She is one of the most committed and respected journalism educators I know – in both research and teaching – and has shown the greatest courage in her personal life in recent years that has elevated my esteem for her even higher.

Sadly, the reputation of The Australian newspaper has followed the opposite trajectory. It is celebrating its 50th birthday this year, and my view is that the first 40 were far better than the last ten.

For many years I’ve been torn between my loyalty to The Australian as my former masthead where I learned a great deal as a young journalist in the early 1980s – and that very newspaper’s antipathy towards journalism education, the career I left it to pursue, and towards the people who do it.

[Note to colleagues: my comments here are about The Australian as a masthead and its leadership and branding – not about the scores of high quality journalists who produce stellar work there in both reporting and production. Similarly, I do not argue that every journalism educator is a saint or that every course is perfect.]

I’ve decided that the problem with The Australian as a masthead is that it is narcissistic and, like the Tin Man in The Wizard of Oz, it lacks a heart. It is dry, unforgiving and remarkably impolite, often downright bitchy, to its media competitors and its enemies of the moment.

Sadly, like a true narcissist, it lets its own interests, agendas and catfights affect the quality of the journalism in its pages.

For a so-called intellectual broadsheet dealing with extremely complex political, scientific and social phenomena, The Australian has a remarkably simple and narrow world view.

WellfightIslamTheAustralianAs far as The Australian is concerned, it seems to be all about The Australian.
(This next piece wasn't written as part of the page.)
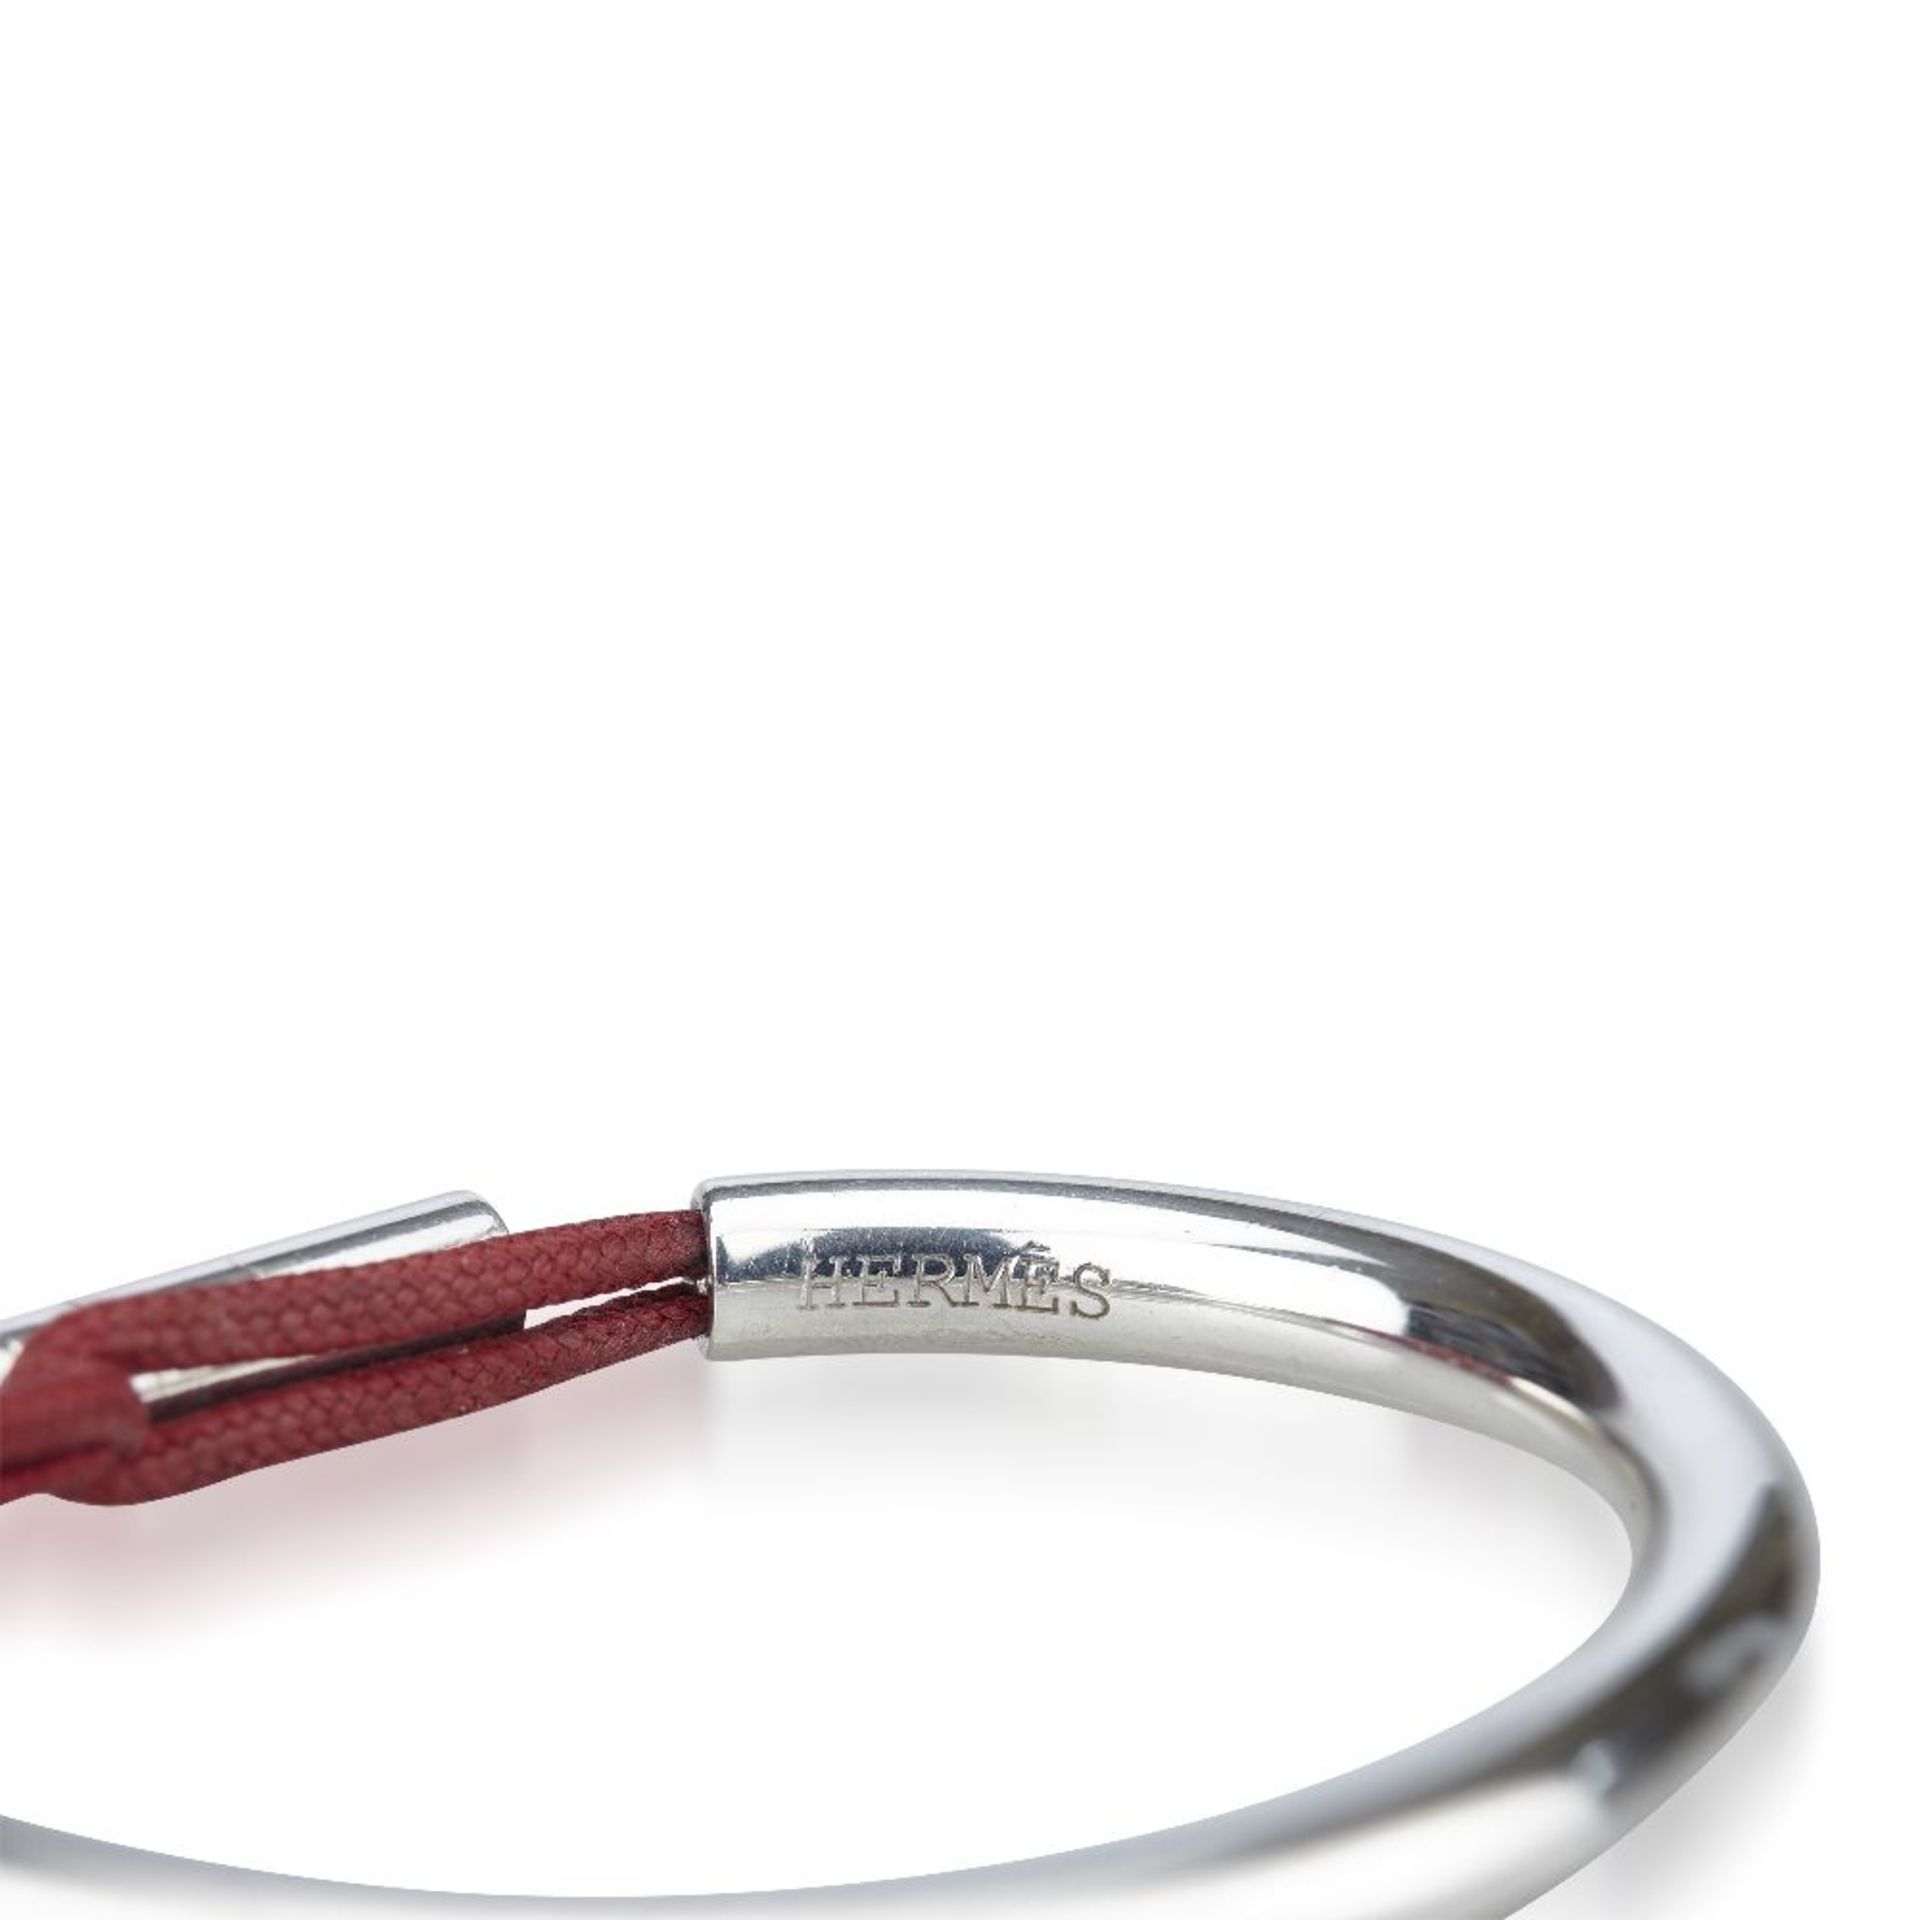 An Hermès 'Skipper' bracelet,featuring a silver and chemical fibre body - Image 4 of 7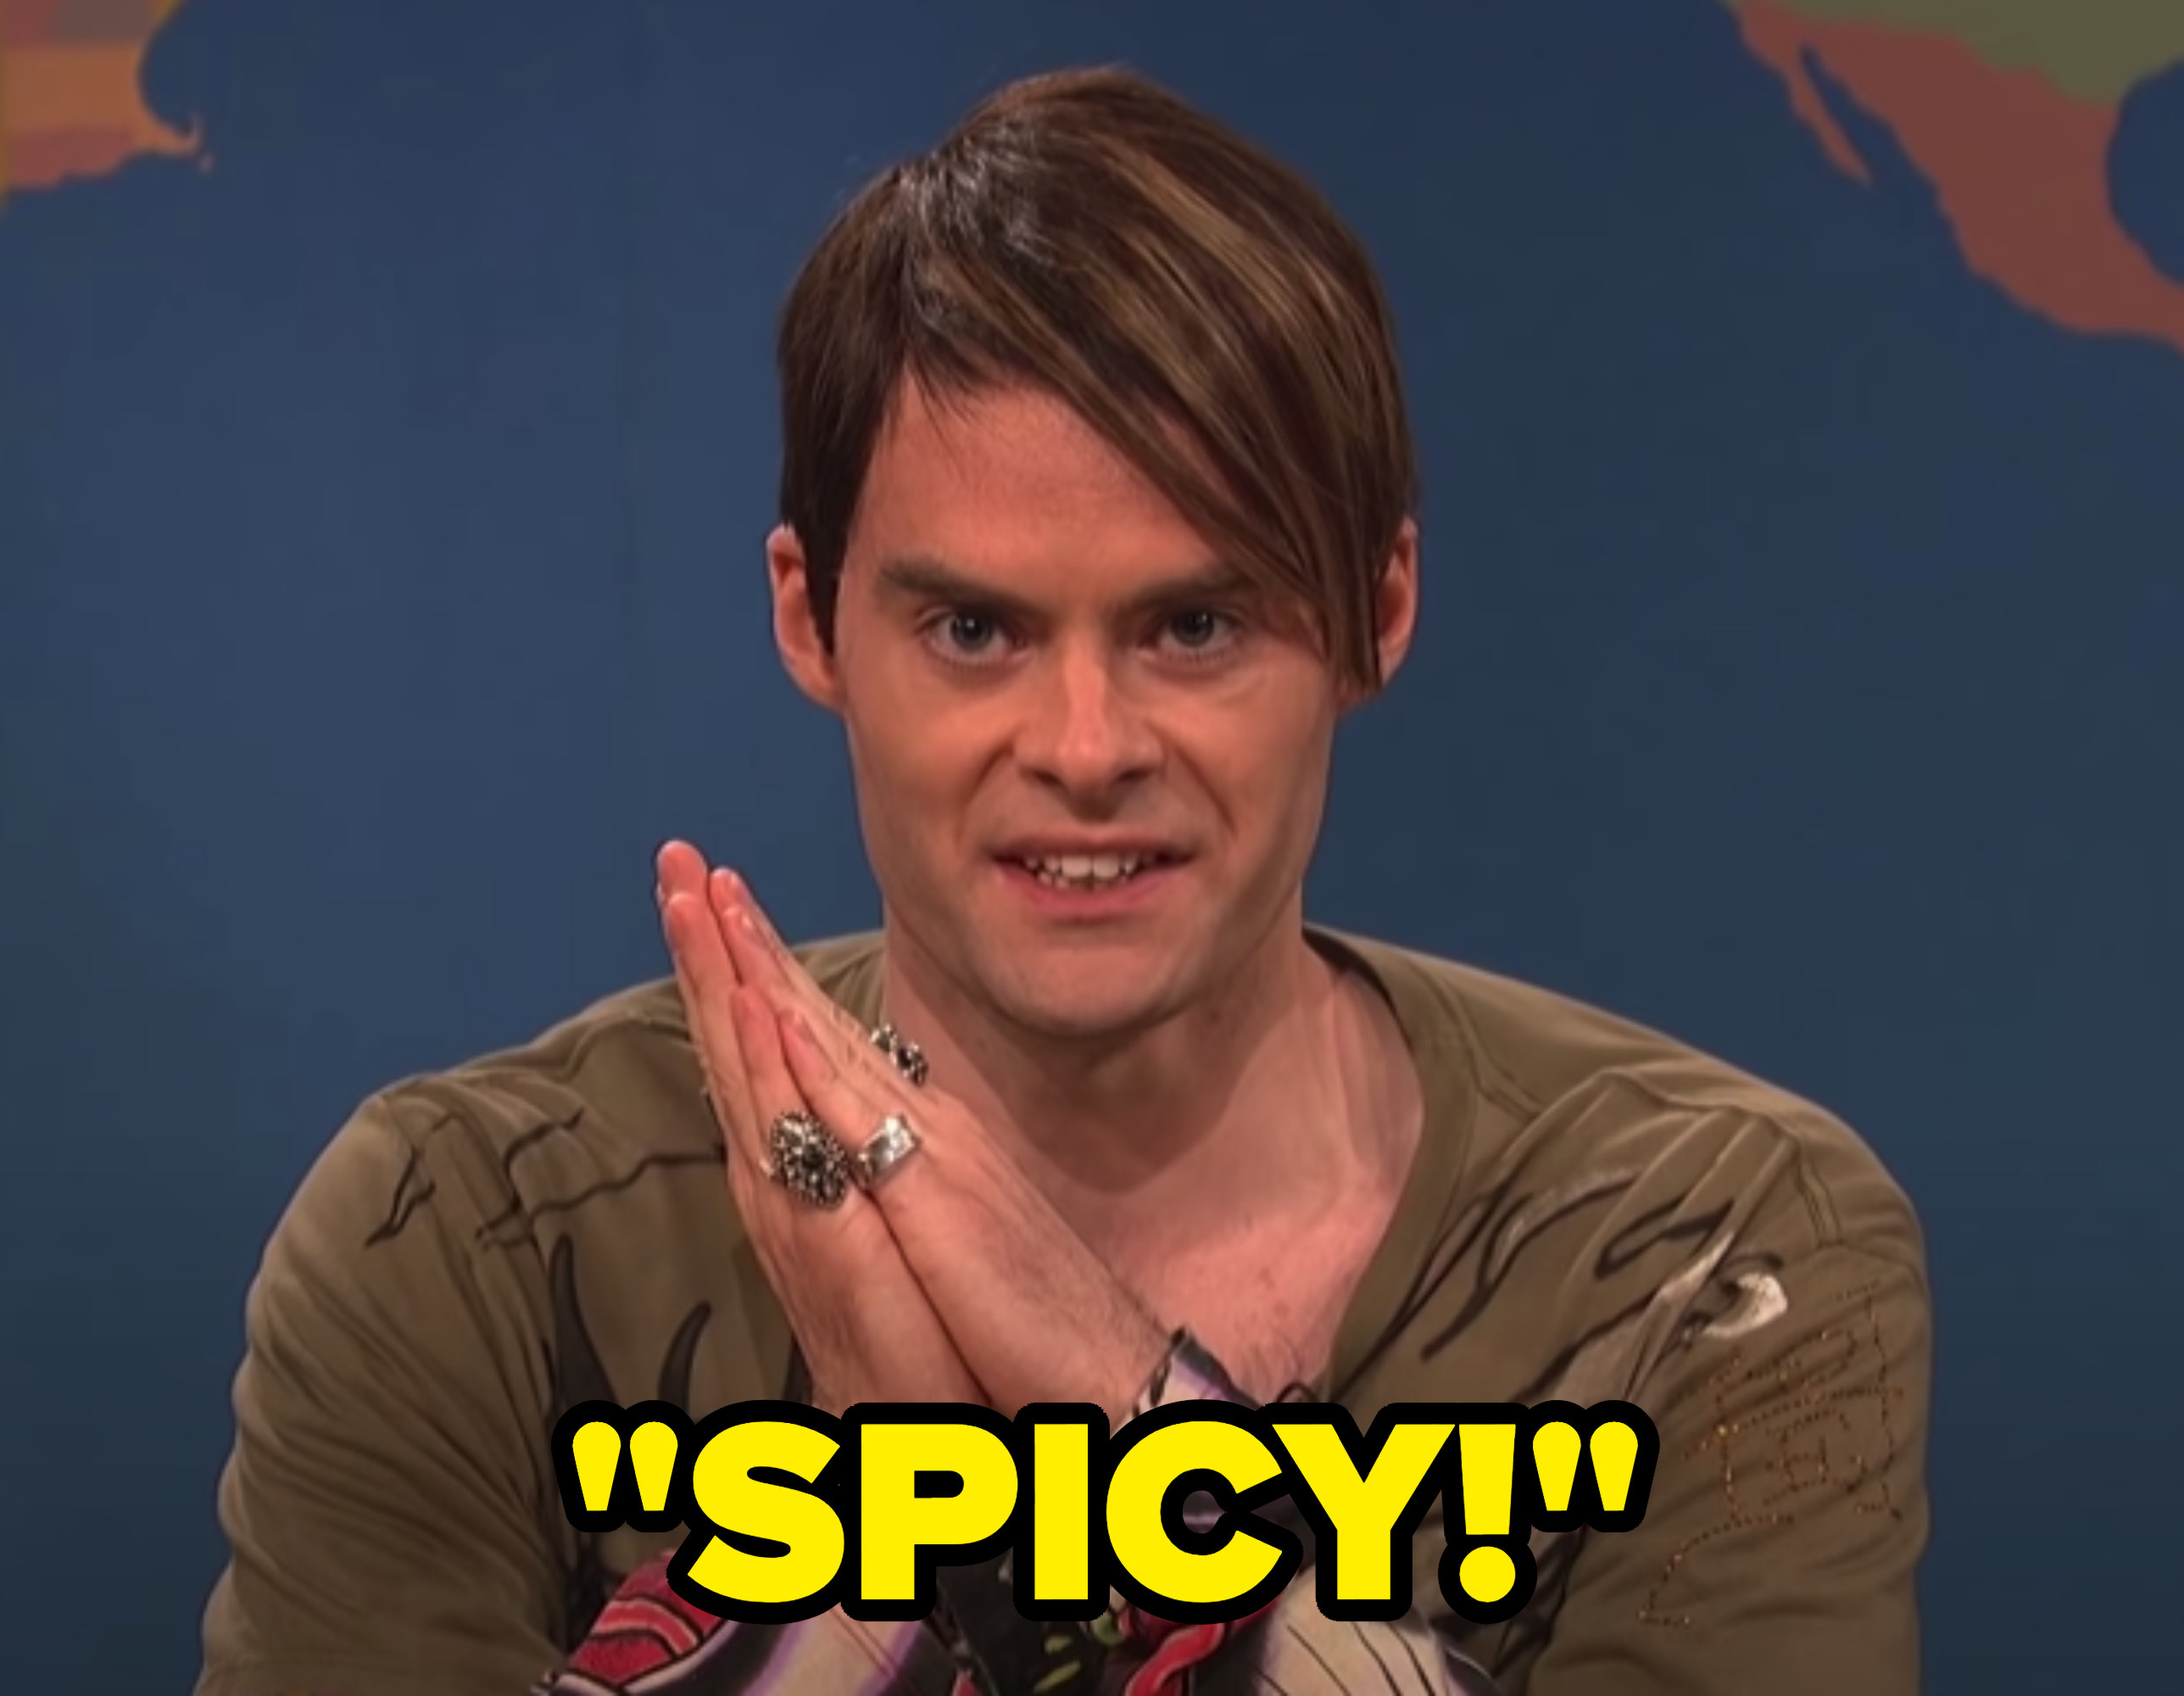 Bill Hader as Stefon on &quot;SNL&quot; saying &quot;Spicy!&quot;

And that’s about whether you are on the Left or the Right and whether you fit with its commercial objectives or stand in their way.

It does this blatantly in the media domain.

Like broadcaster Alan Jones it takes a ‘pick and stick’ approach to its friendships – and God help you if you are a perceived enemy.

The Media section is a corporate propaganda sheet. Its stories fit comfortably within newspaper’s agenda, achievements of any competitors or political enemies are played down or absent, the latest circulation figures are skewed to suit its image, and while the corporate and self-marketing line is front and centre.

Just peruse the Media Diary section every Monday and you get a stream of bile against people from the perceived enemy camps of Fairfax, the ABC, Media Watch, the Guardian, journalism education, the Daily Mail and commercial enemies all and sundry.

To use sporting parlance with political currency right now, the newspaper takes a ‘win at all costs’ approach to its market share and issues on its agenda. Alternative voices either don’t get a mention or are derided as ‘strident critics’ or belittled for their political allegiances.

It will jump at a stereotypical jingoistic headline on its front page – ‘We’ll fight Islam 100 years’ [see image] – without considering the potential consequence on sections of the community. Then, rather than apologise, it will blame the person it was quoting.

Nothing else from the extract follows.